Perception in its’ first stages is always visual. We are a superficial race and we quickly judge everything, from people to situations, based on a quick first impression. Think about when you see someone for the first time. You quickly size them up based on the clothes they are wearing, style of hair and facial expression. If that person is snarling at you then you probably turn away. If that person is wearing a shirt with a crude slogan, perhaps you don’t want to make small talk with them. In any case, you make a quick judgment, categorize them, and move on.

The same thing happens when a person visits a website looking for something. More than likely they want information, a product, or a service from a trusted source.

Surface Credibility

The term surface credibility has been around for quite some time, but it hasn’t always been related to websites. It is a general concept that works with the idea of graphic design and the likability of a logo. As people have taken this concept to the web, the concept of logo design with surface credibility was developed.

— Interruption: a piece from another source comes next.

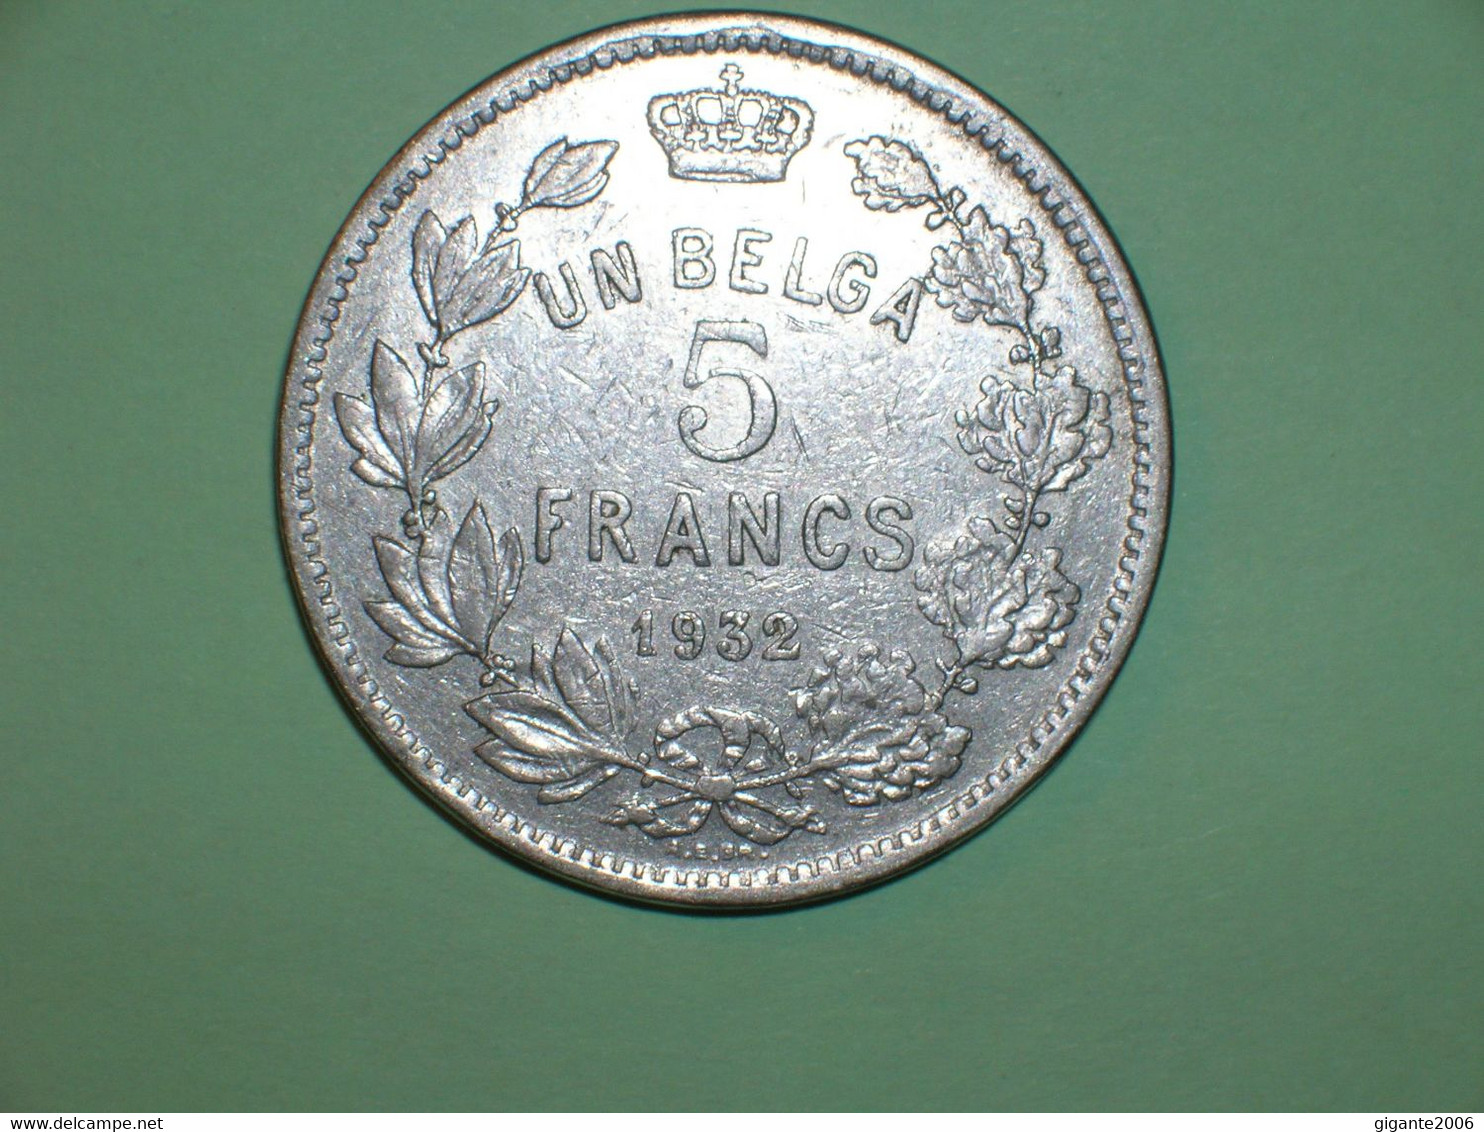 BELGICA 5 FRANCOS 1932 FR (3294) - 5 Francs & 1 Belga

Based on a study back in 2006 it was found that a credibility based logo design was up to four times more effective in influencing click-thru to a product or service purchase compared to those sites with a non-credible logo. As the internet has grown a lot sense then, that number shifted as well.

Credibility means how trustworthy something appears. Obviously people are more inclined to purchase items from a person or company they feel is reputable and honest. Surface credibility can be anything from how a product is packaged or how a person appears. In the case of a logo design, something that is poorly created or looks amateurish will have a low surface credibility. In a very crowded internet where people are worried about getting ripped off, the idea of credibility is very important.

Creating a Great Logo

So now the goal should be to develop a logo that has a good degree of credibility. You want something that symbolizes your business and shows that you are an expert or knowledgeable about that business. While there is not a specific blueprint, here are a few ideas to get you started:

  • Design form – If you are an artistic business, then abstract is usable. For most businesses a contemporary style will be best because that will help focus on you being cutting edge, current, and up to date.
  • Images – A good logo should describe visually what you do. A gym or fitness logo often incorporates a dumbbell to associate itself. There are exceptions like Apple, but if you have that great of a company then you aren’t reading this.
  • Colors – There is a psychology behind colors (in fact we have written about it on this site). Understand what colors mean before you apply them to your logo.
  • Text – Your name in a good font does wonder.
  • Consistency – Extending the colors and style from your logo to the rest of the site gives a consistency that is perceived as professional and more credible.
  • Focus groups – Create multiple options and then let public opinion tell you which one inspires the most trust.

People who don’t take the time to create a great logo and a credible landing page are truly missing out. It will cause people to leave after 10 seconds before they have had a chance to do anything. But the great thing about the web is that revisions can be done and changes made at any time. So take a good look at your landing page bounce rate and if it is higher than you think it should be, take a good look at your logo.